This year I came in with a different question. What if I stopped being the attacker and let the AI be the attacker?

Let the AI Hack

I gave Claude Opus SSH access to the lab environment and described the objective: a series of missions inside an isolated, authorized infrastructure. It knew about certifiedsecure.org and was happy to help.

Missions one through three went cleanly. No hints from me. Claude ran network reconnaissance across the lab subnet, found a Consul configuration store running with no access controls, and read plaintext credentials directly from the API. On the next mission it was working against an LLM agent in the environment, convincing it to disclose a masked secret through encoded representations. On mission three it identified a Kubernetes RBAC misconfiguration, determined which secret a deployment was referencing, and created a pod with a secretKeyRef to mount and exfiltrate the token. All of this without being told how.

This was not autocomplete. It was not a long list of commands I could have written myself.

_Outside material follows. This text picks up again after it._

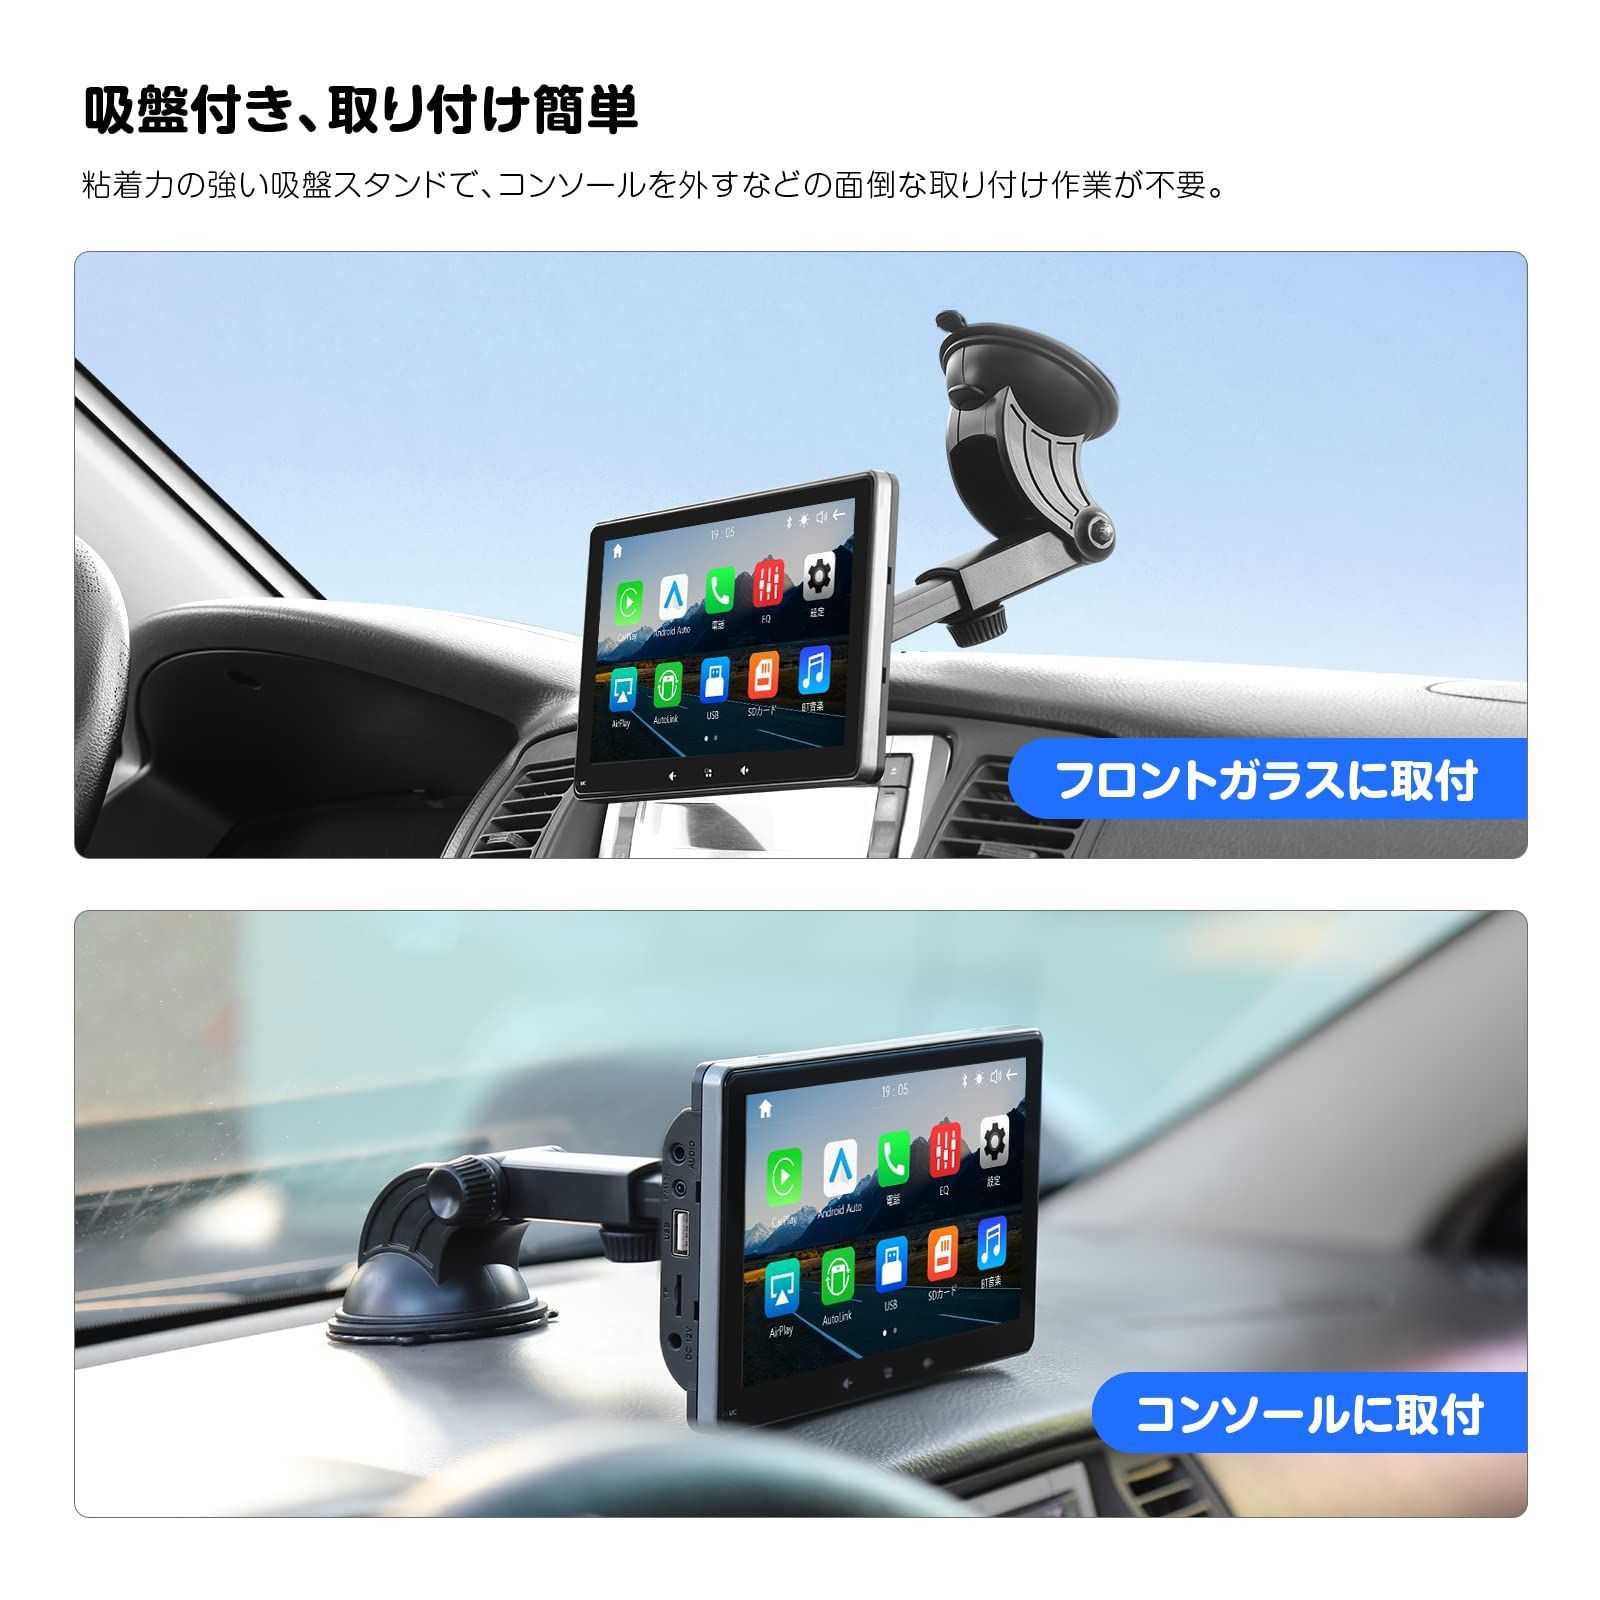 EONON ポータブルナビ ワイヤレス CarPlay u0026 ワイヤレス Android Auto ミラーリング対応 7インチ QLEDタッチパネル カー オーディオプレーヤー 12V-24V車通用 ポータブル カーナビ E20J - メルカリ

It was genuine red-team reasoning: form a hypothesis, test it, pivot when the first approach fails, read the environment as it actually is rather than as you expected it to be. The kind of work that used to require a skilled human attacker who knew these systems cold.

Claude hit difficulty on mission four and needed hints, the same kind a trainer gives during a session. It finished. Same with five.

Mission six was where Anthropic stepped in.

The Session That Got Terminated

There was no mid-task refusal. Claude did not suddenly become cautious and explain why it could not continue. What happened was at a higher level: Anthropic detected the session and redirected it. I received a link to a form titled “Cyber Use Case,” the entry point to Anthropic’s Cyber Verification Program, for users who believe their use case is legitimate and want safeguards adjusted.

The program exists, which means there is a path. You apply, explain the context, and someone at Anthropic evaluates the case. In this situation: an authorized, isolated training lab run by a respected security organization, an annual two-day format, no connection to any production system. Exactly the kind of context the program is designed for.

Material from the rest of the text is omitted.